As you can see, the separation now, with these new images included, is not perfect – there are some few mixup’s in the spread of men vs women along the x-axis, but for the vast majority of the images, the neural network process has been capable of clearly separating men from women. It turns out that for this particular run, the success factor, was about 76%, that is, in 76 % of the cases, or 3 out of 4 images, the program was able to correctly classify the image as being male or female.
So, the question then is whether the result of 76% correct calls is good enough, or too low for real world applications of neural networks – after all, we would ideally always want to be 100% certain when making a call or decision, wouldn’t we…?
Well, unfortunately – or fortunately, if you are like me! – the world at large in which we live is far from deterministic, absolute, linear and predictable, regardless how much our MBA’s and other empty suits pretend it is (btw, what a boring place such a world would be, no surprises what so ever, a perfect clockwork executing predetermined mechanical processes indefinitely, a place that only a full blown grey bureaucrat or MBA empty suit would be able to love…)
Instead, our world is a highly complex, dynamic, non-linear and non-deterministic system, where outcomes can vary enourmously with tiny changes of inputs. That is, in a world like ours, the only certain things are death and taxes, and even for those, you can not be certain of the details.
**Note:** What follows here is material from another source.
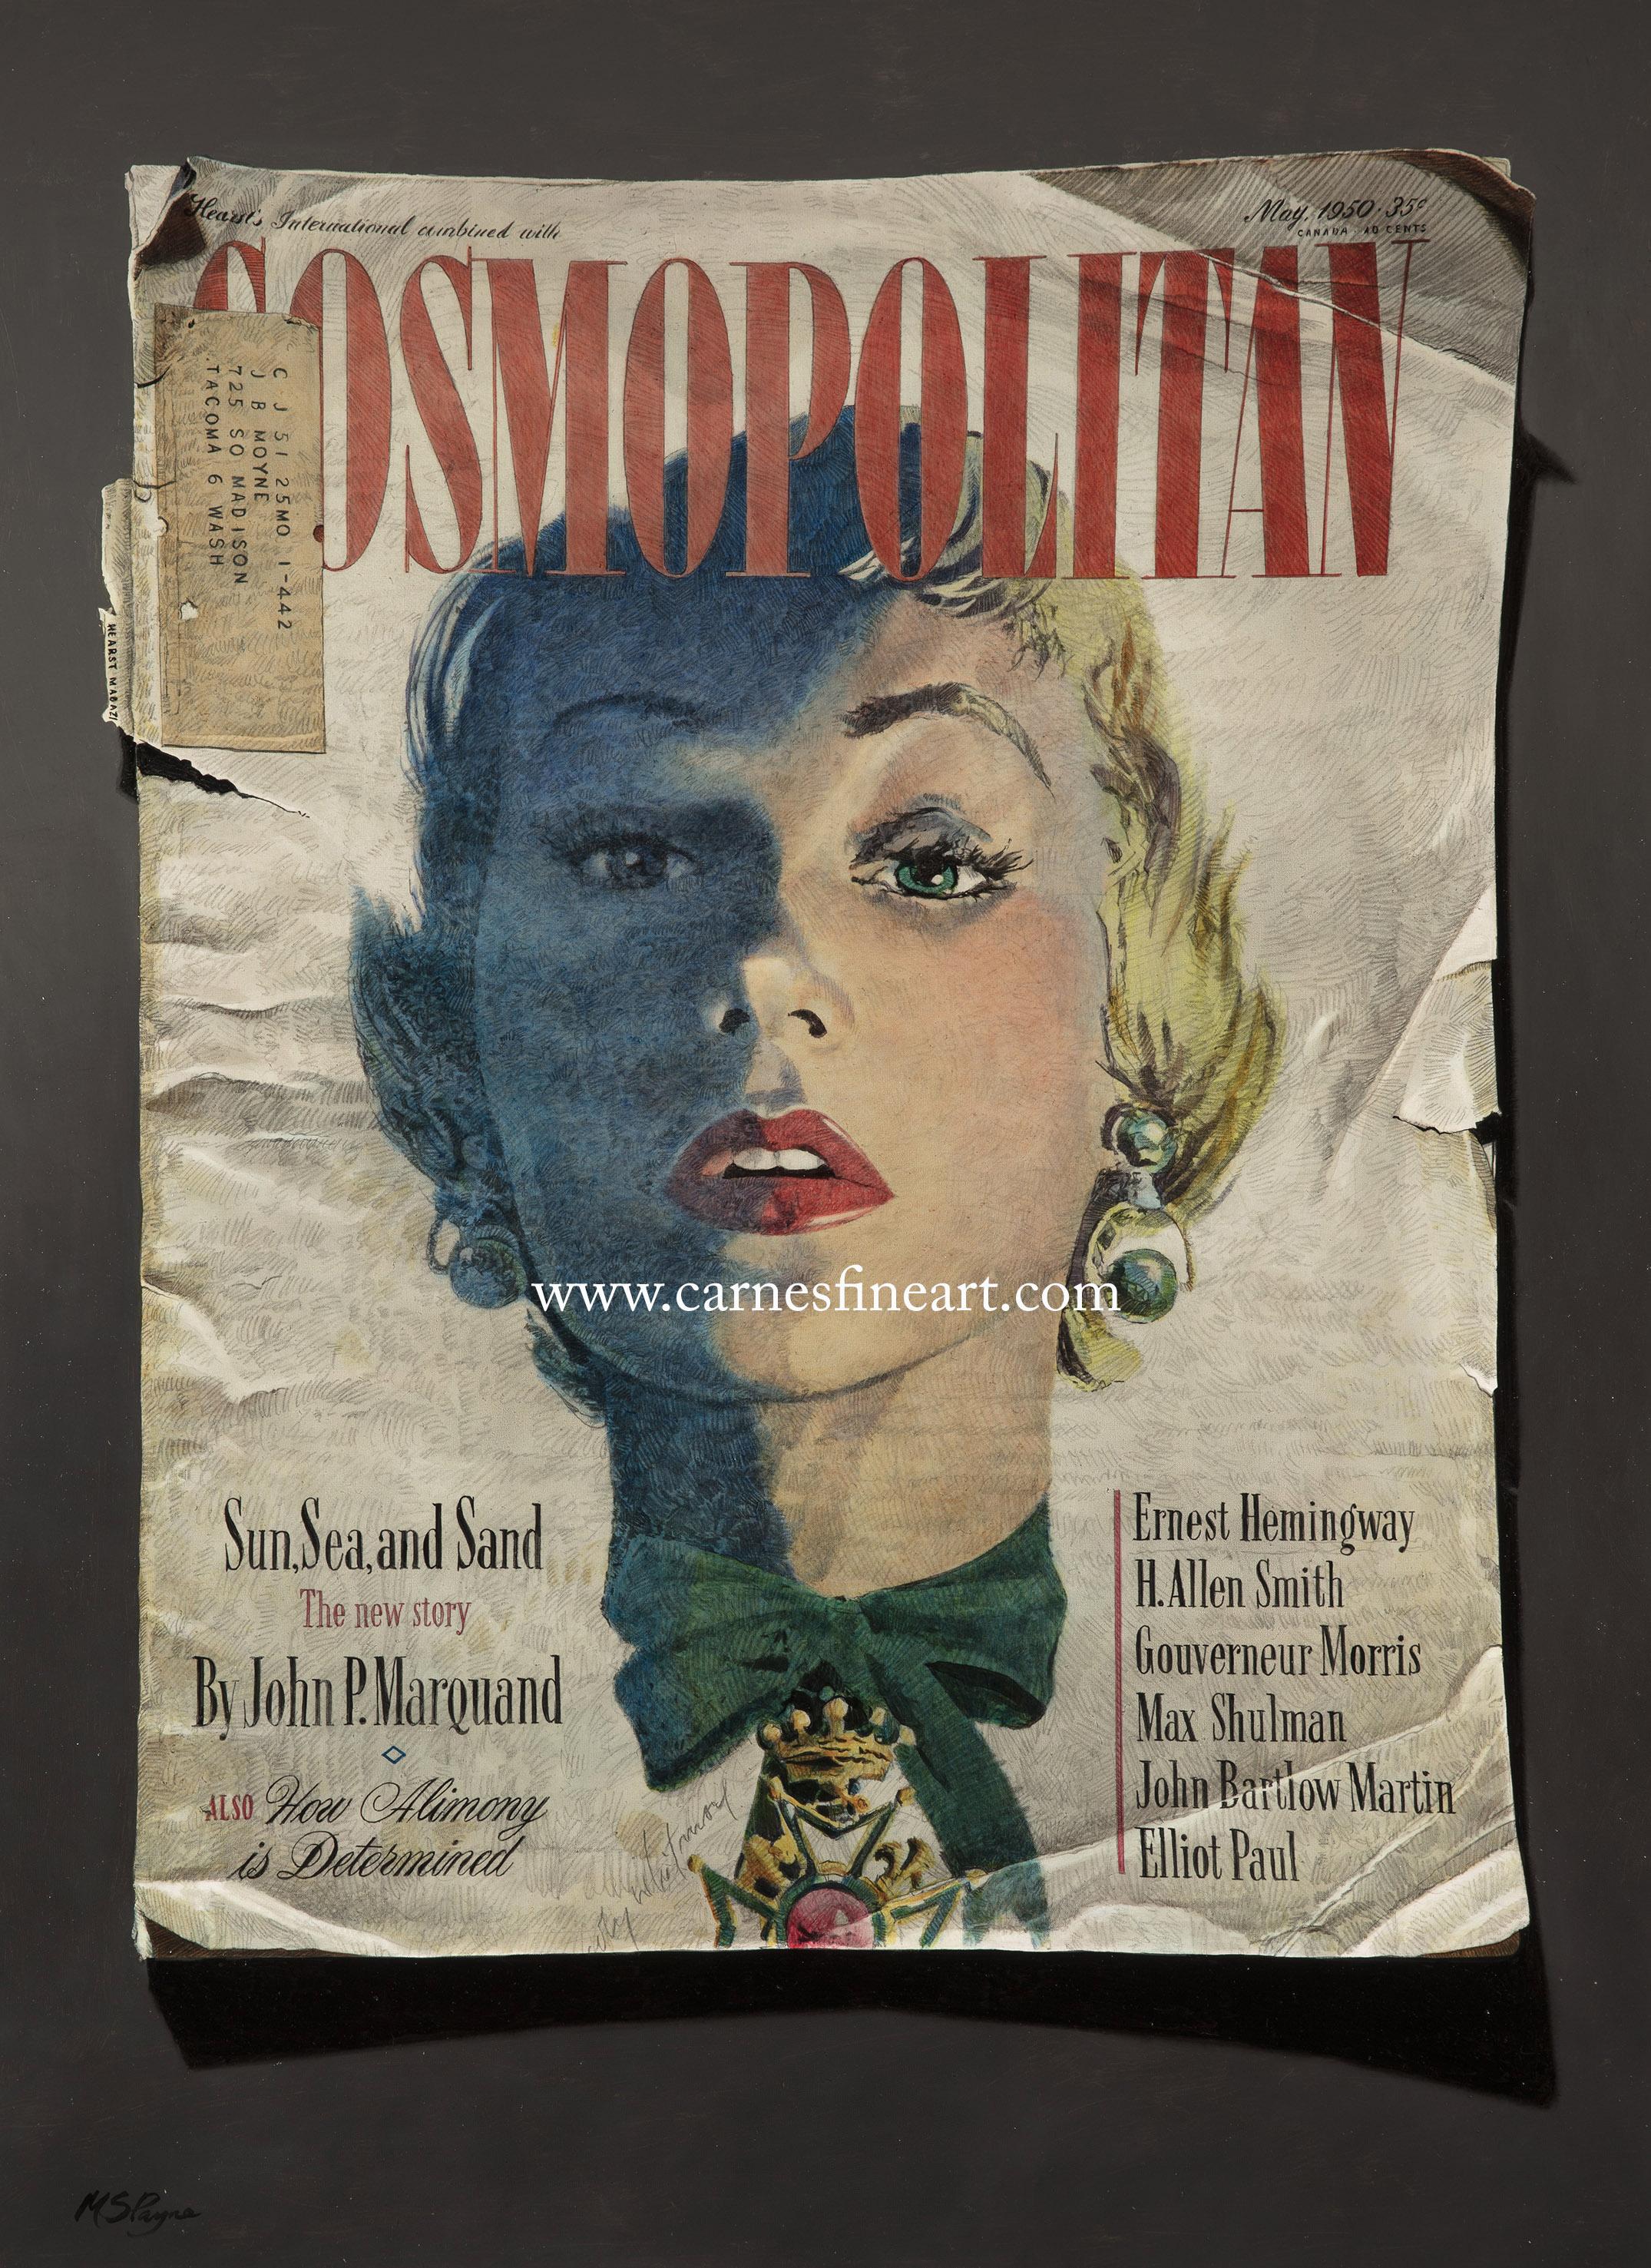 Cosmopolitan May 1950 (NEW)

The problem of image recognition is very difficult, virtually impossible, for computers to do with a traditional deterministic approach, i.e. deterministic algorithms that are 100% capable of providing a clear ‘yes/no’ answer to the question ‘does this image represent a male or a female ? Thus, lacking deterministic algorithms for the task at hand, we have three options: either give up altoghether, declaring the problem as unsolvable, or to process the images manually – after all, asop to computers, human brains are excellent image processors, or rely upon luck, that is, randomly place each image in one of the two categories. With that latter approach, the probability for success in image classification should be 50%, that is, with the random approach, we’d be correct in half of our calls.
Thus, unless we want to process the images manually, any approach that gives us better than 50% of correct calls is helpful and worhwhile.
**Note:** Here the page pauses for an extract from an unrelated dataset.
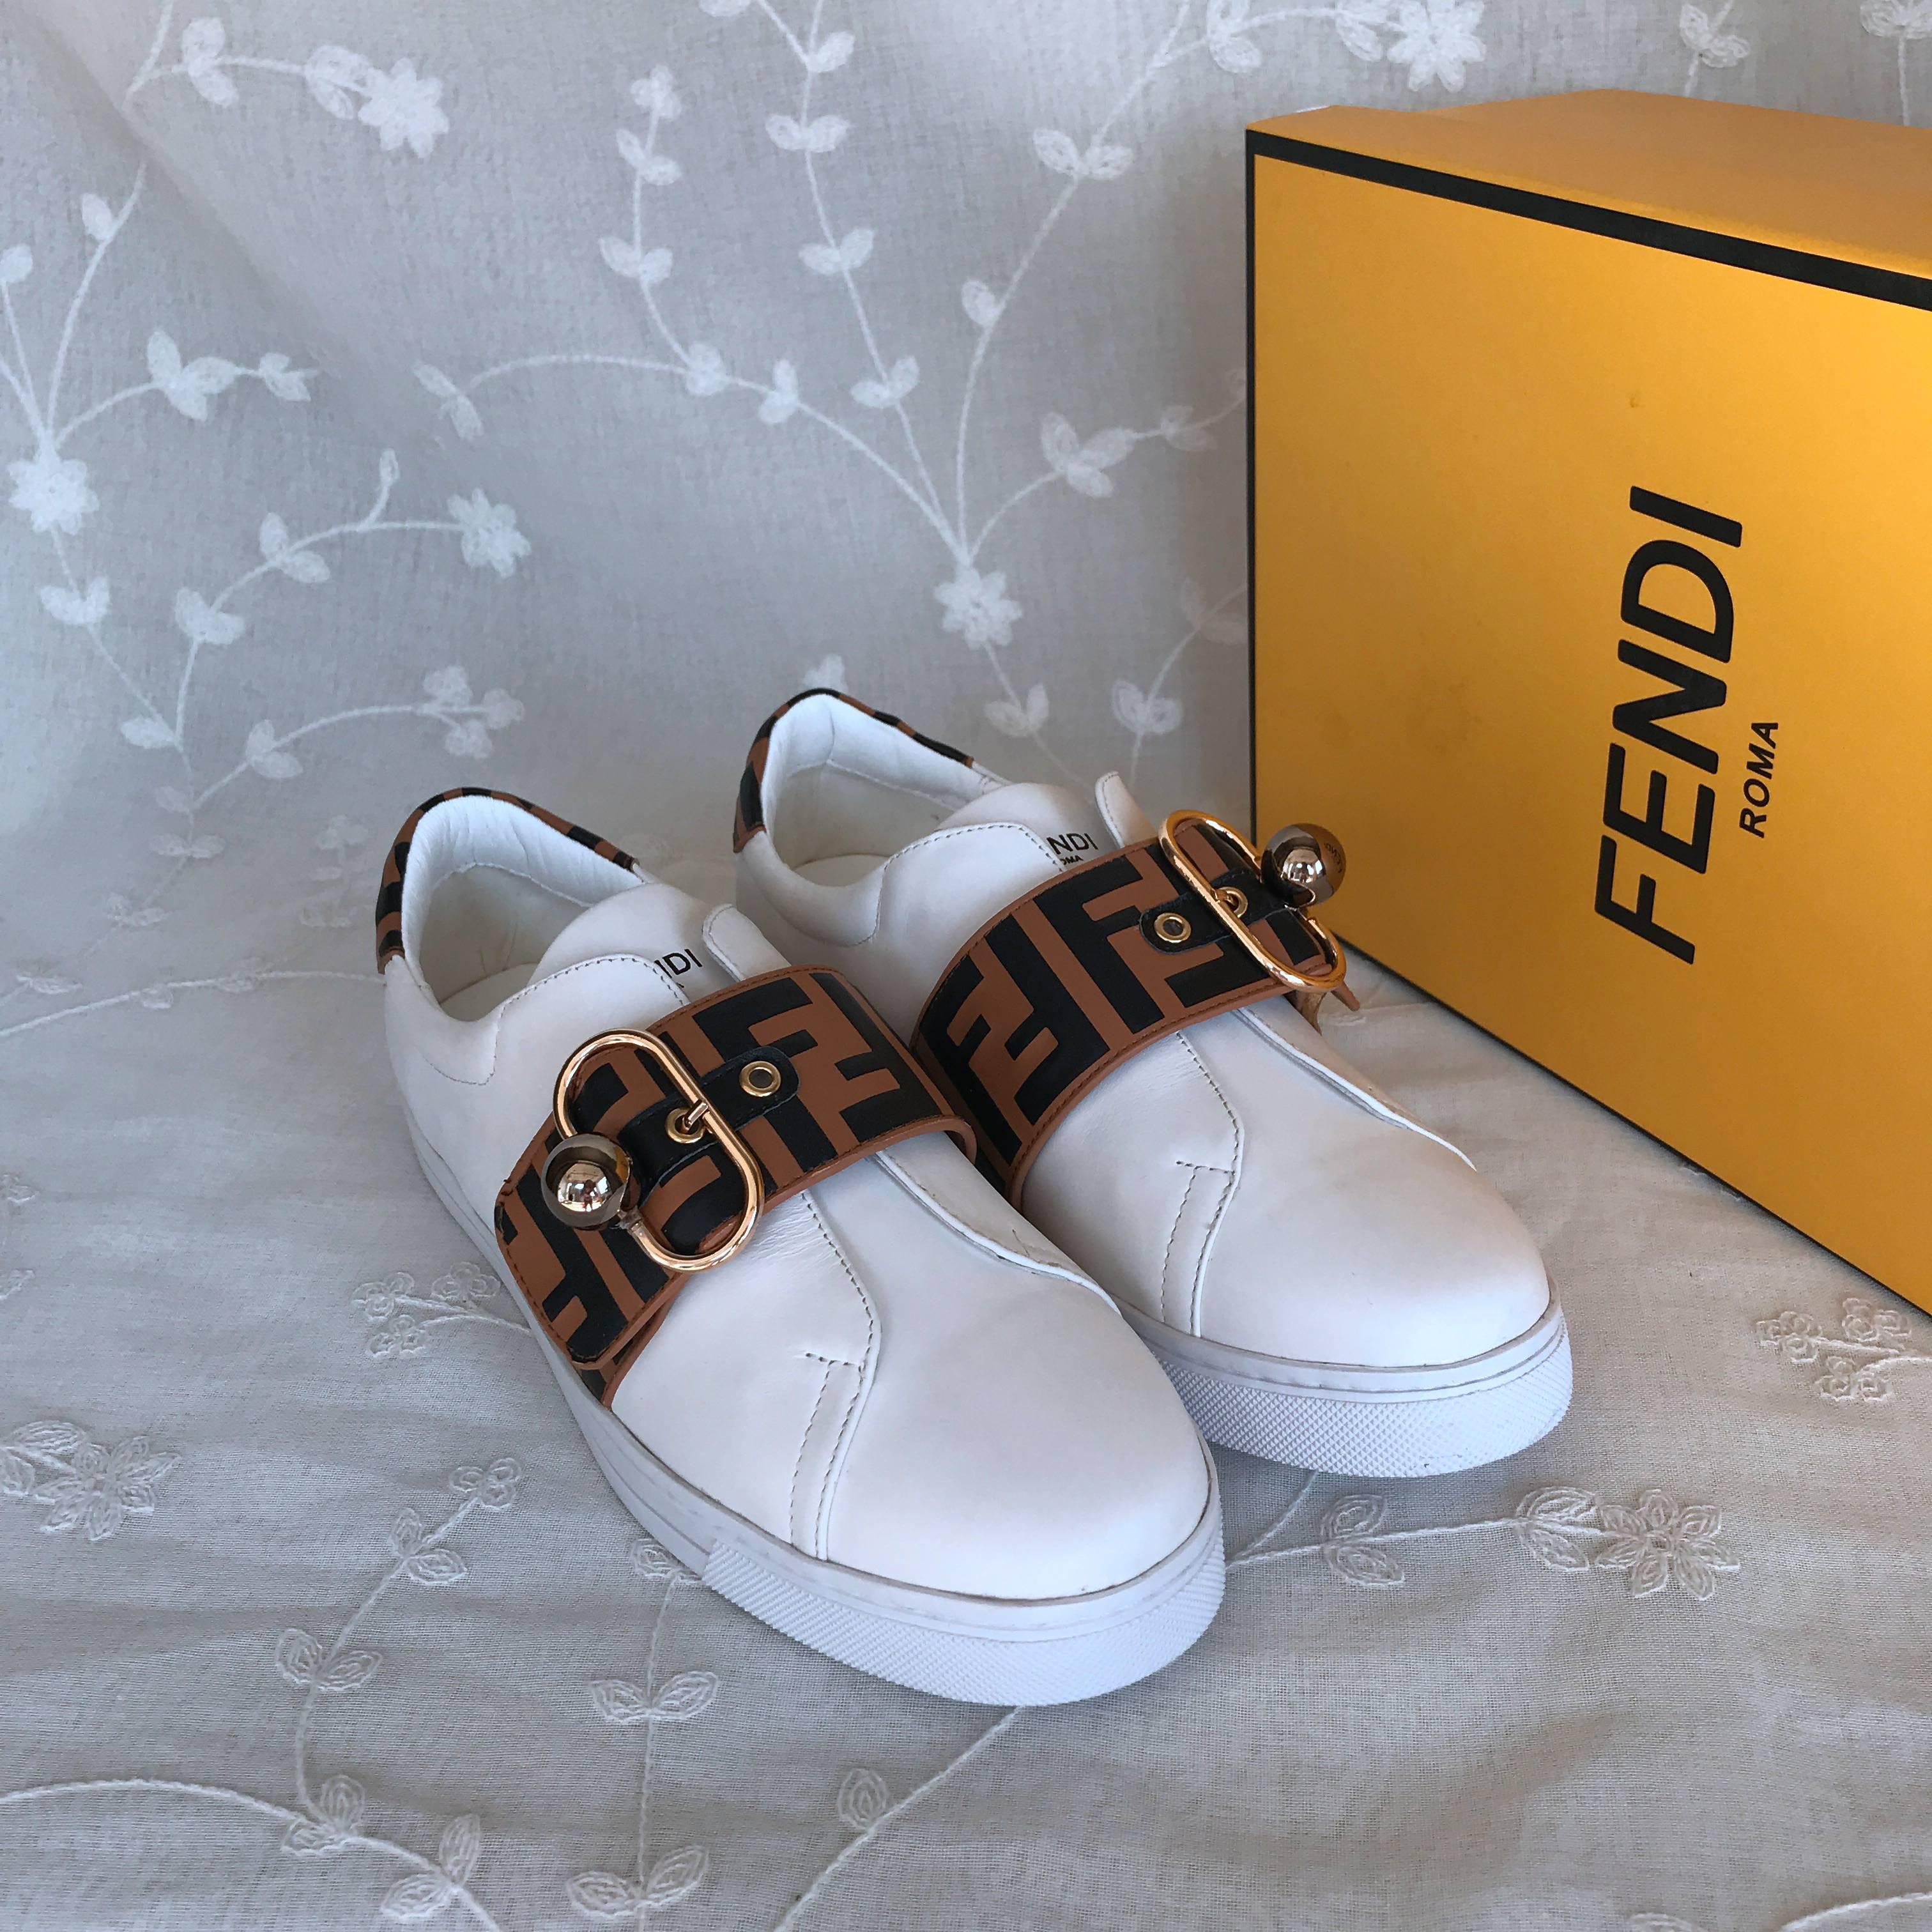 Fendi Casual Shoes 842713

Thus, an application like mine, with a 26 % house advantage, that is, it performs 26% better than a random selection, will be very useful in many domains, where there are no deterministic models.
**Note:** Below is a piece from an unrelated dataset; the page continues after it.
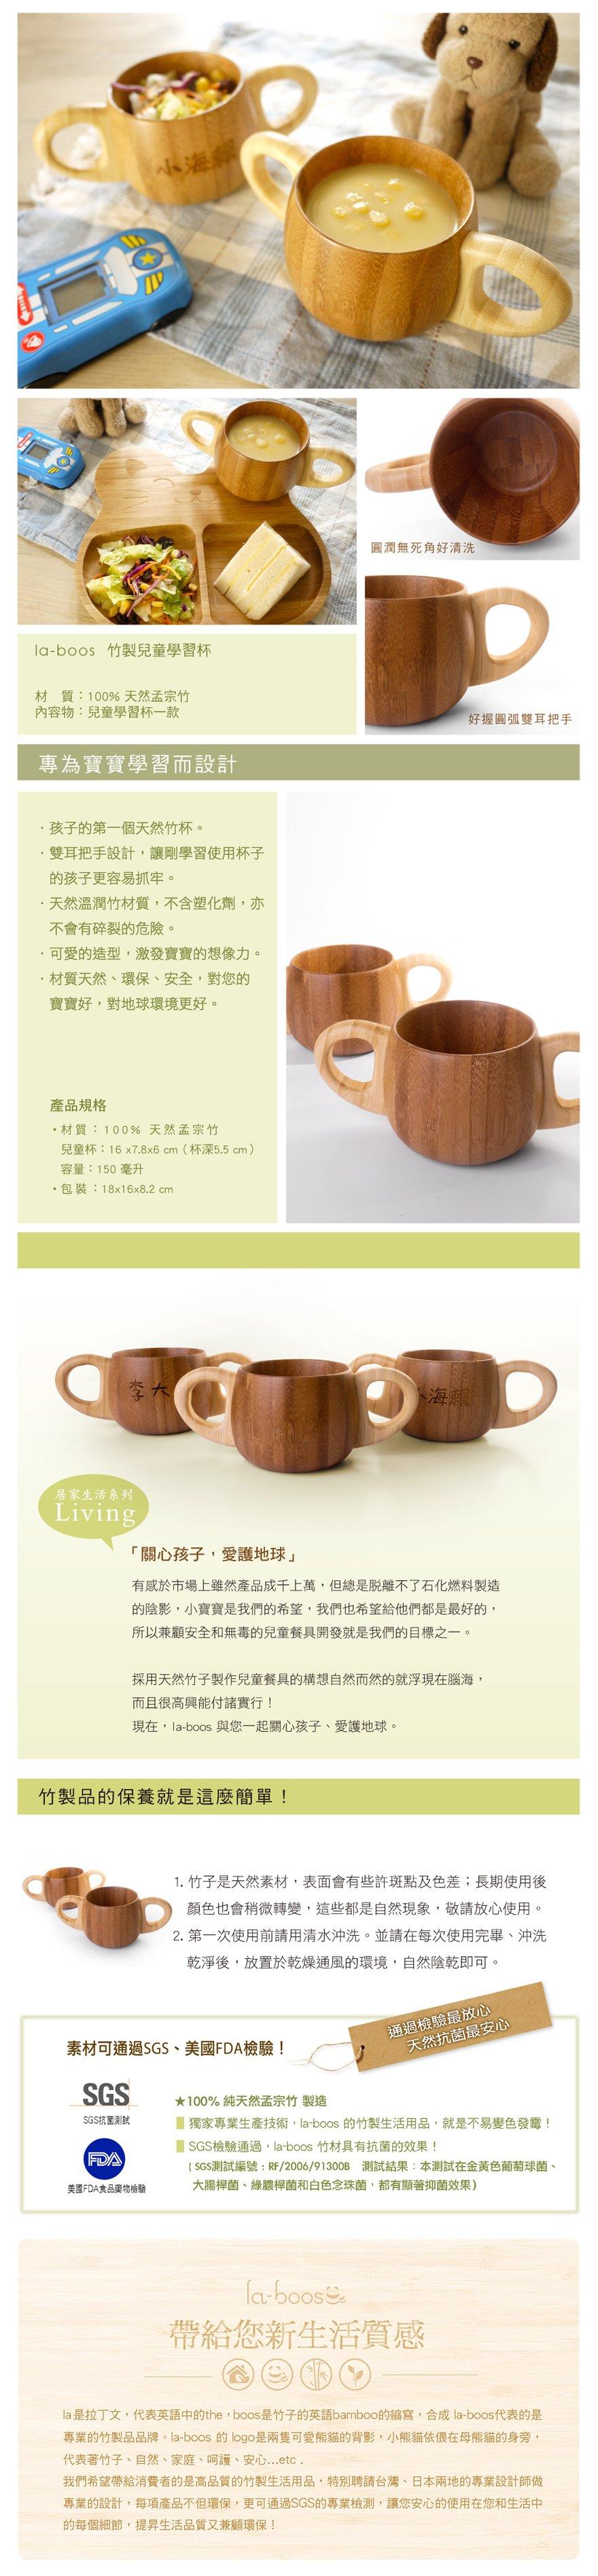 la-boos竹製雙耳兒童學習杯

To understand this, think about various domains where probability and randomness rule, e.g. the Roulette table in a casino, where the house advantage is around 3-5% (depending on flavor of Roulette), or Black Jack, where the house advantage is just 0.28%, but still, the casinos are making a fortune with these tiny house advantages. Therefore, a ‘house advantage’, of 26% is simply enourmous in any stochastic system, such as in my image recognition application.
Even with the very limited training set of some 100 images, even with only 100 pixels per image to analyze, my neural network is capable of making the right call in 3 out of 4 cases.
Should I have more processing power available, instead of just my lowly laptop, I could easily radically increase the hit rate of my program, by adding more images to the training set, to increase the image size by a couple of orders of magnitude, and to run more training iterations.
Neural networks as well as other non-deterministic approaches are here to stay, particularly in the age of ‘Big Data’.